The dust was from the wind catching the tree’s roots as they uplifted along the straight section of road before Greytown.

“I was watching that, so it took me a moment to realise a big tree was tipping over . . . then the next thing a whopping great big gum tree came down.

“It was literally in front of me and I managed to brake really hard and swerve around it.”

Ben Lakomy after he narrowly missed being struck by a falling tree on Monday morning. PHOTO/BECKIE WILSON

Mr Lakomy had to swerve on to the south-bound lane to avoid being caught under the tree.

He was thankful there was no oncoming traffic.

“It all happened so quick, it was okay once I realised I was fine – it was quite exhilarating.

“It was a pretty crazy thing to happen.”

The fallen tree was a large blue gum tree with many large branches.

“If it was one massive tree trunk I would have been a goner,” he said.

Mr Lakomy, who is a SPCA senior animal welfare inspector based in Masterton, said it was lucky he had no animals in the back of the ute.

He drives the road from South Wairarapa to Masterton most days with his cruise control set to 100km/h, he said.

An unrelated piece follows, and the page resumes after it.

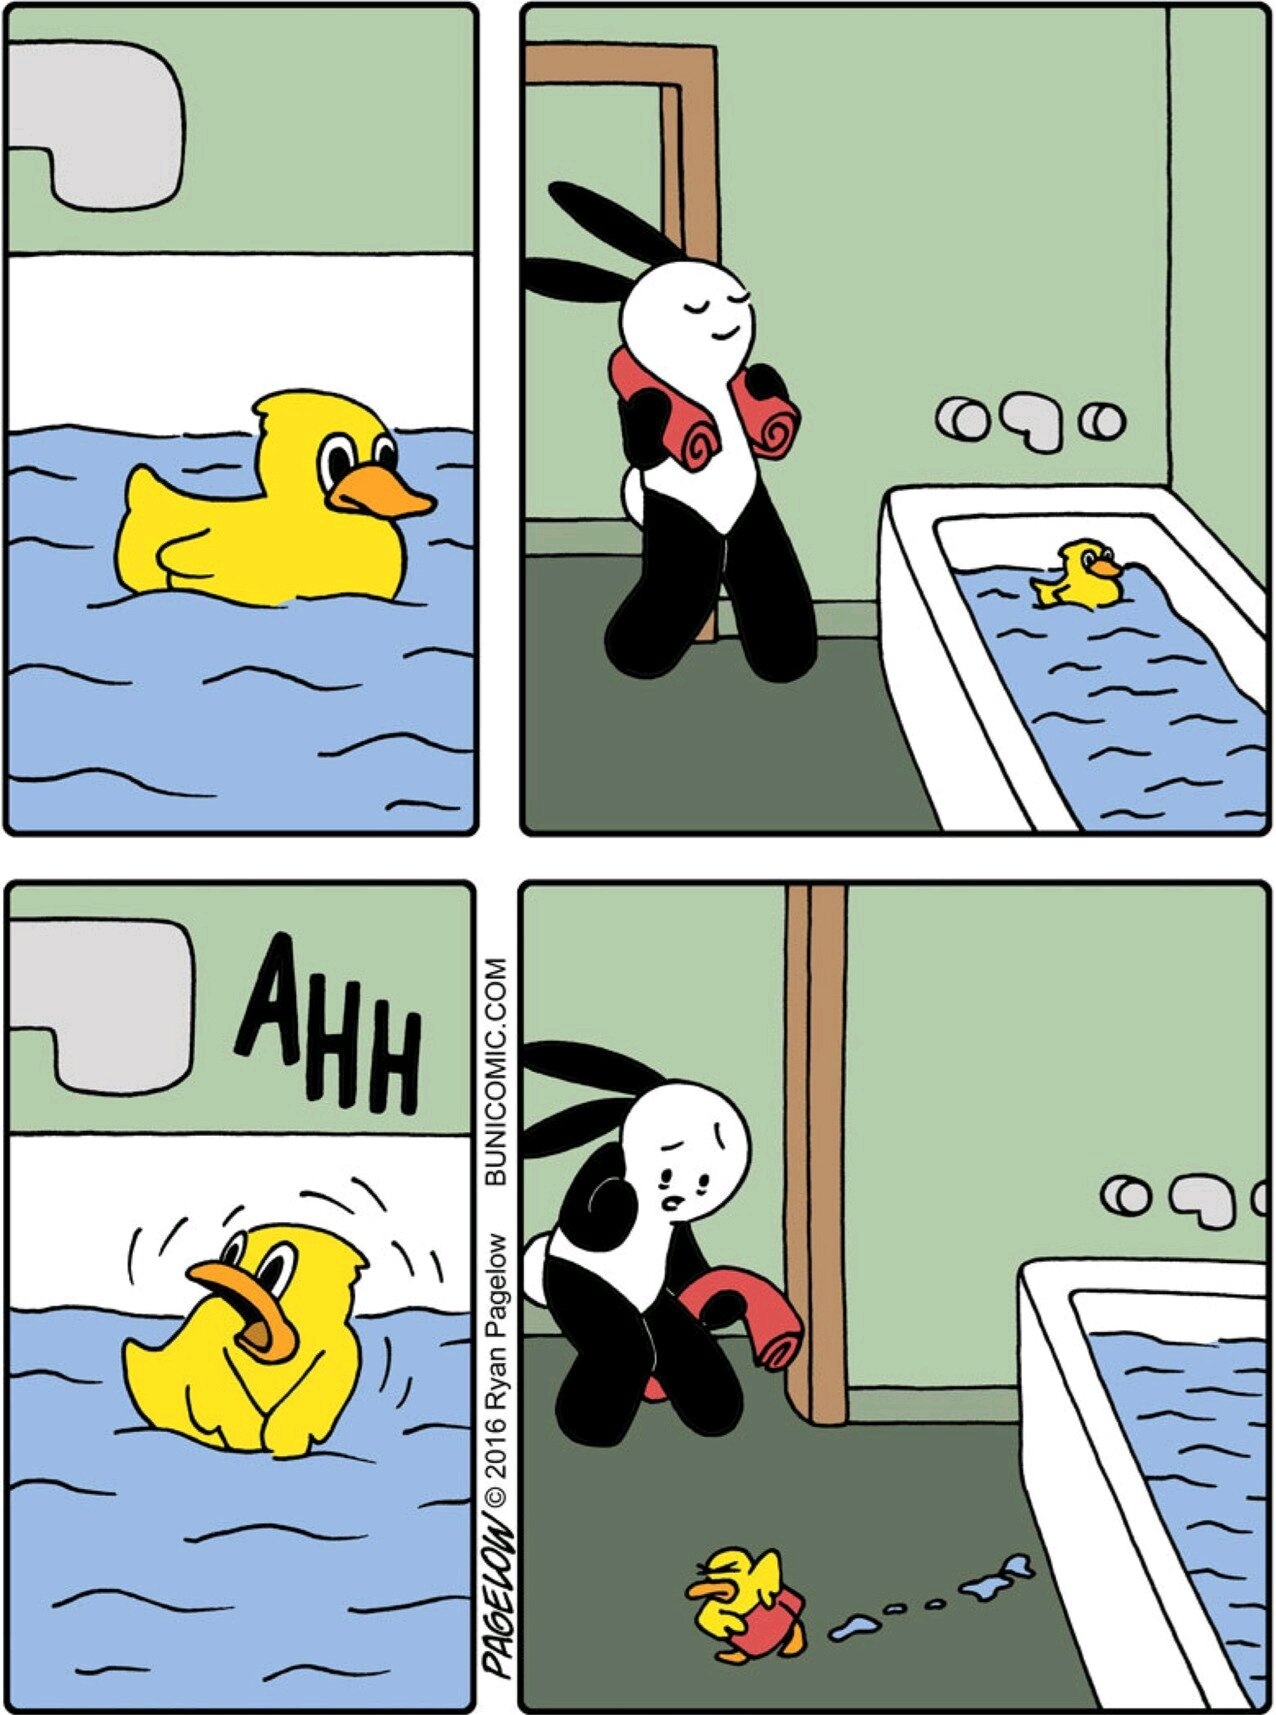 Quack! - meme

While only the tip of the tree struck the left side of the ute’s bonnet, Mr Lakomy said the truck would have been badly damaged if he did not react as quickly as he did.

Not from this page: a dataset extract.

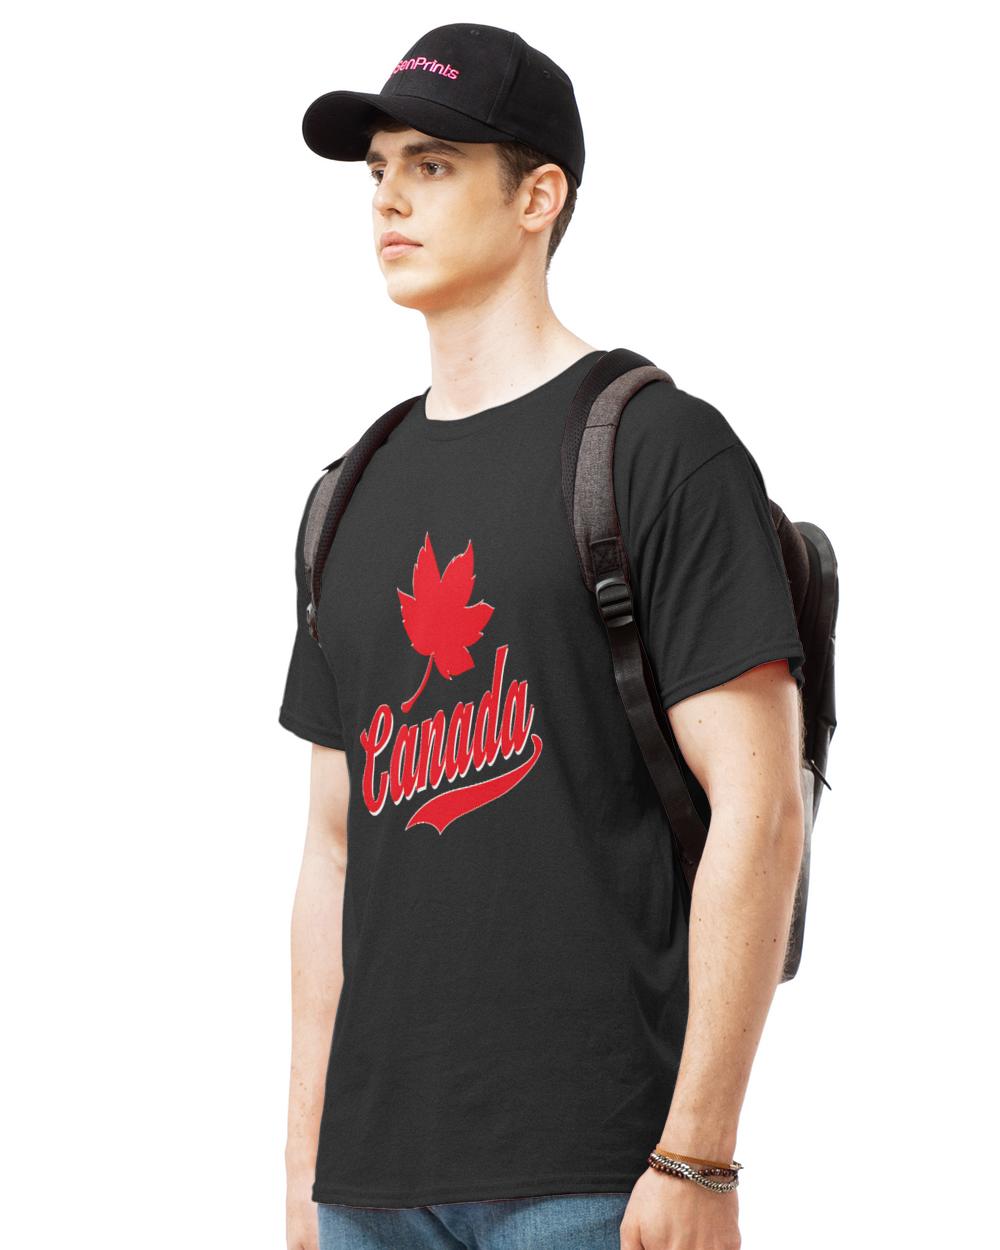 Canada  Shirt Canadian Maple Leaf Canada Lover Canada  305

“All I would just say is how important it is to keep your eyes on the road.

“If anything like that happens and you’re distracted, you are not likely to be able to respond to it.”

Mr Lakomy and other motorists directed traffic before police and fire crews arrived.

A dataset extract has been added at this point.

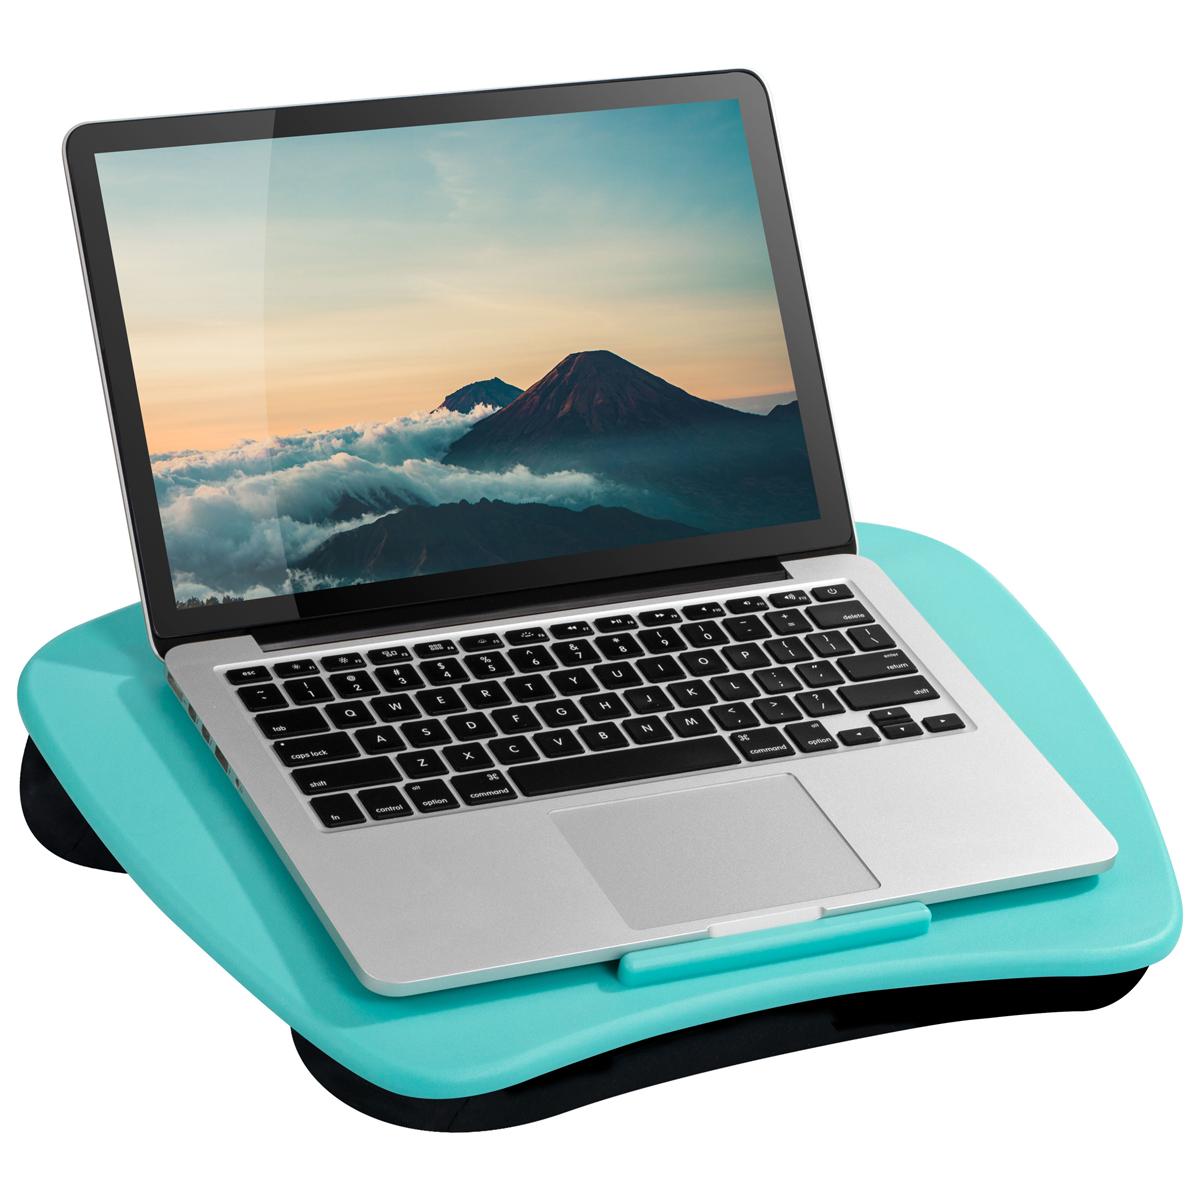 LapGear Laptop Lap Desks for $7.38
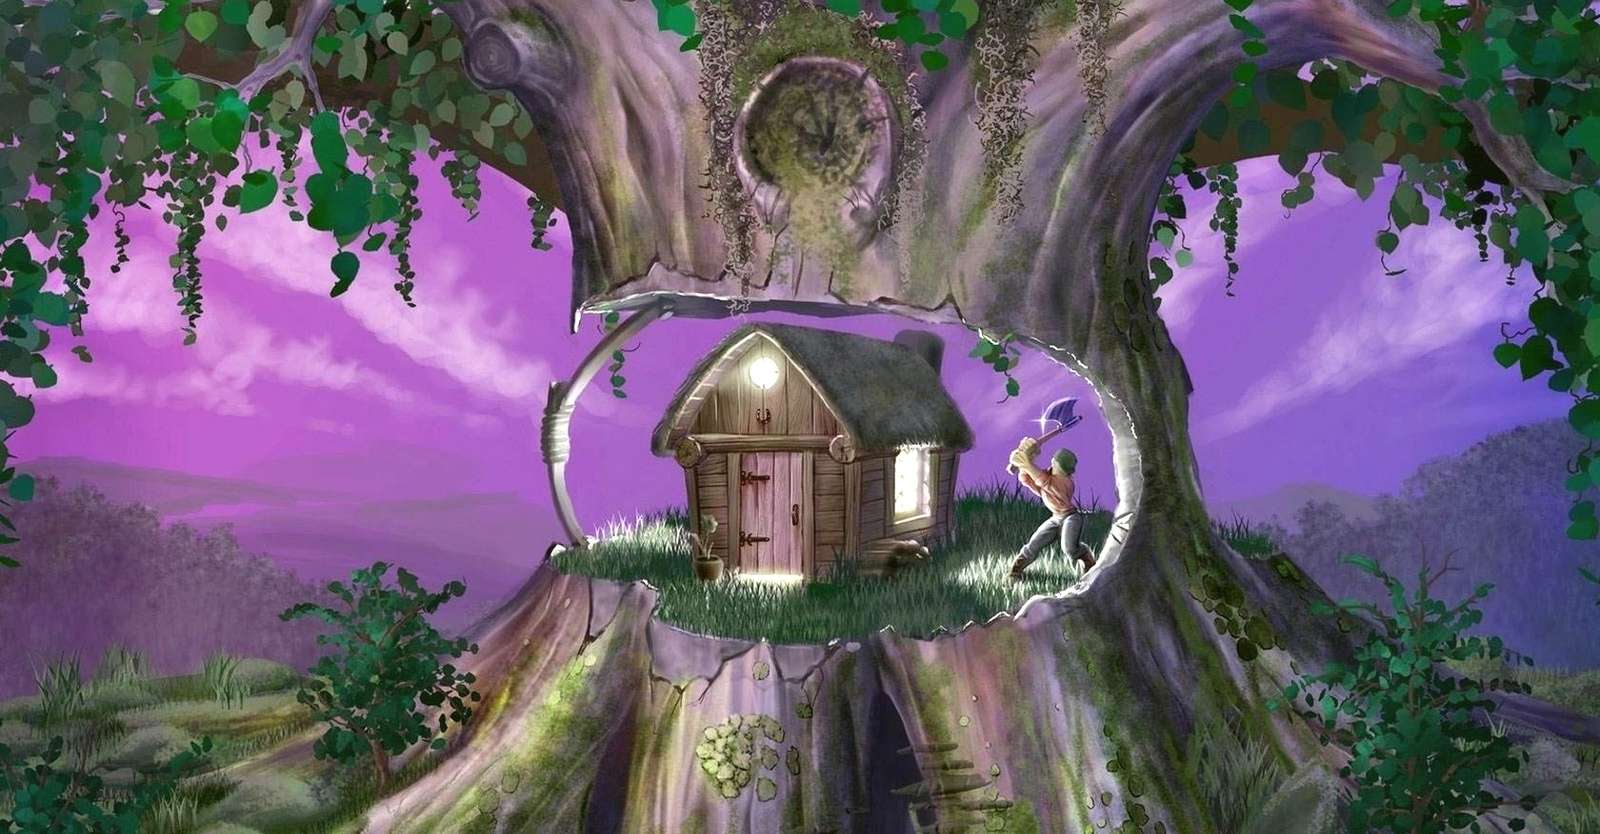 Fairytale cottage online puzzle

Greytown senior station officer Harry Howard said the south-bound lane was down to 30km/h.

Firefighters helped remove some of the debris, but the tree was so big that contractors were called to clear the road, he said.

High winds down trees

Wild weather cut power to hundreds of Wairarapa properties and fire crews were rushed off their feet, with trees downed and garden structures blowing away yesterday.

Wind gusts reached 130km/h on the Remutaka summit around midnight on Sunday, and 105km/h in Masterton.

The fallen tree on Loop Line.
PHOTO/CAL ROBERTS

The highest gust recorded in the area was 154km/h at Cape Turnagain.

According to Metservice, the wild winds are sticking around.

Fulton Hogan’s Masterton-based maintenance manager, Matt Chapman, said he was aware of a tree down overnight Sunday in Opaki, and a line down in South Wairarapa.

But he said all in all, the relatively low level of damage overnight was “quite surprising”.

“I got into the office this morning and thought the roof was going to fly off.”

He said teams were checking trees in at-risk areas.

“We expect we might see more of those trees down during the week.”

More than 500 properties were without power throughout the day.

Properties were affected in Solway [279], Opaki [184], Papawai [50], Carrington [58], and in Mauriceville [47].

In Masterton, a tree fell just short of the road on Loop Line about 7.30am.

The section’s owner was looking on the bright side.

He said removing the line of trees out front of the property was on his to do list – and the high winds had made a start for him.

The Greytown fire brigade also tended to downed power lines near the old cheese factory on Bidwills Cutting Rd.

At least two trees were brought down in Carterton on Monday, and Masterton firefighters were called out after a cat enclosure and a shed were blown away by strong gusts in Solway.

Metservice meteorologist April Clark said the gusty weather would remain today.